Но и повторные поиски не дали результата. Начальство было вынуждено доложить своему начальству, в УВД Москвы. Это начальство, схватившись за голову, вызвало подчиненное начальство, водителя и сопровождающего, тех, кто уже участвовал в операциях поиска, устроило всем громовой разнос, пригрозило увольнением и приказало сделать, что угодно, но беглецов найти. Еще раз прочесали уже дважды прочесанные районы, охватили шире - без толку. Начальство УВД поняло, что придется доложить министерскому начальству. Если бы рядовые были рецидивисты, можно было бы оттянуть, попробовать справиться, а тут - известные личности, и о Федорове газеты писали и пишут до сих пор, и о маньяке Притулове, да и о Сергее Личкине - в связи с казусностью случая: "Комсомольская правда", в частности, вывесила огромный заголовок: "Резня после свадьбы". Бывали уже прецеденты, когда министерское начальство о чем-то или ком-то узнавало из печати, а не от своих низовых звеньев, и страшно возмущалось, а министр даже высказывался в том духе, что еще один такой случай - и он не пощадит никого.

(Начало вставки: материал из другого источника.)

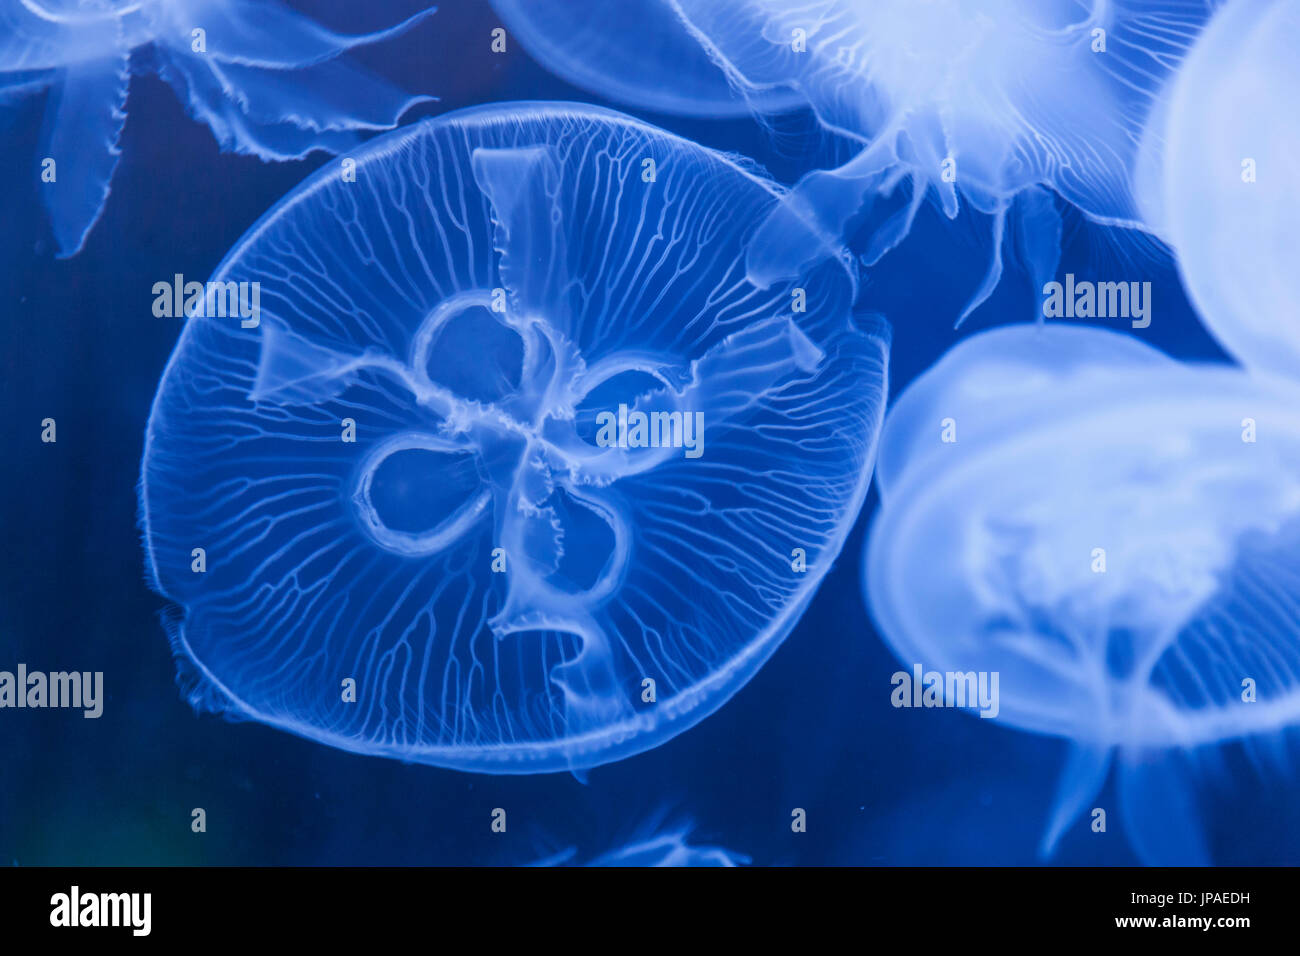 England, East Yorkshire, Kingston upon Hull, The Deep, Moon Jellyfish Stock Photo

Министерское начальство, естественно, пришло в бешенство - уже от одной мысли, что придется доложить министру. Вызвало всех, кто причастен к происшествию. Устроило разборку. Наконец поставило в известность министра, и операция началась уже всерьез.

Сложность заключалась в том, что необходимость широкого оповещения сопрягалась с требованиями секретности, иначе узнают ненавистные милиции средства массовой информации, которые, как убеждены все, от министерства до рядовых опорных пунктов, лишь пособничают преступникам, снабжая их ценными сведениями, помогающими уйти от ответственности.

К вечеру появился реальный след: в районе Копенок нашли в овраге разбитую милицейскую машину, а рядом - связанного милиционера. Милиционер дал показания: они в ходе заградительно-поисковых мероприятий остановили автобус, напарник пошел проверять, из автобуса выскочили люди, напали, связали.

Какой автобус?

Милиционер ответил: большой, красный, "мерседес". Может быть, рейсовый, но он не обратил внимания: они сзади обгоняли, там никаких табличек не было, а спереди он не посмотрел.

В это время, на счастье, поступил звонок: сознательный гражданин, пожелавший остаться неизвестным, сообщил, что в начале вечера он наблюдал, как двое напали на милицейскую машину, стоявшую перед автобусом. Маршрутом автобуса, к сожалению, тоже не поинтересовался.

И все же стало легче, хотя и не окончательно легко: автобус мог свернуть куда угодно.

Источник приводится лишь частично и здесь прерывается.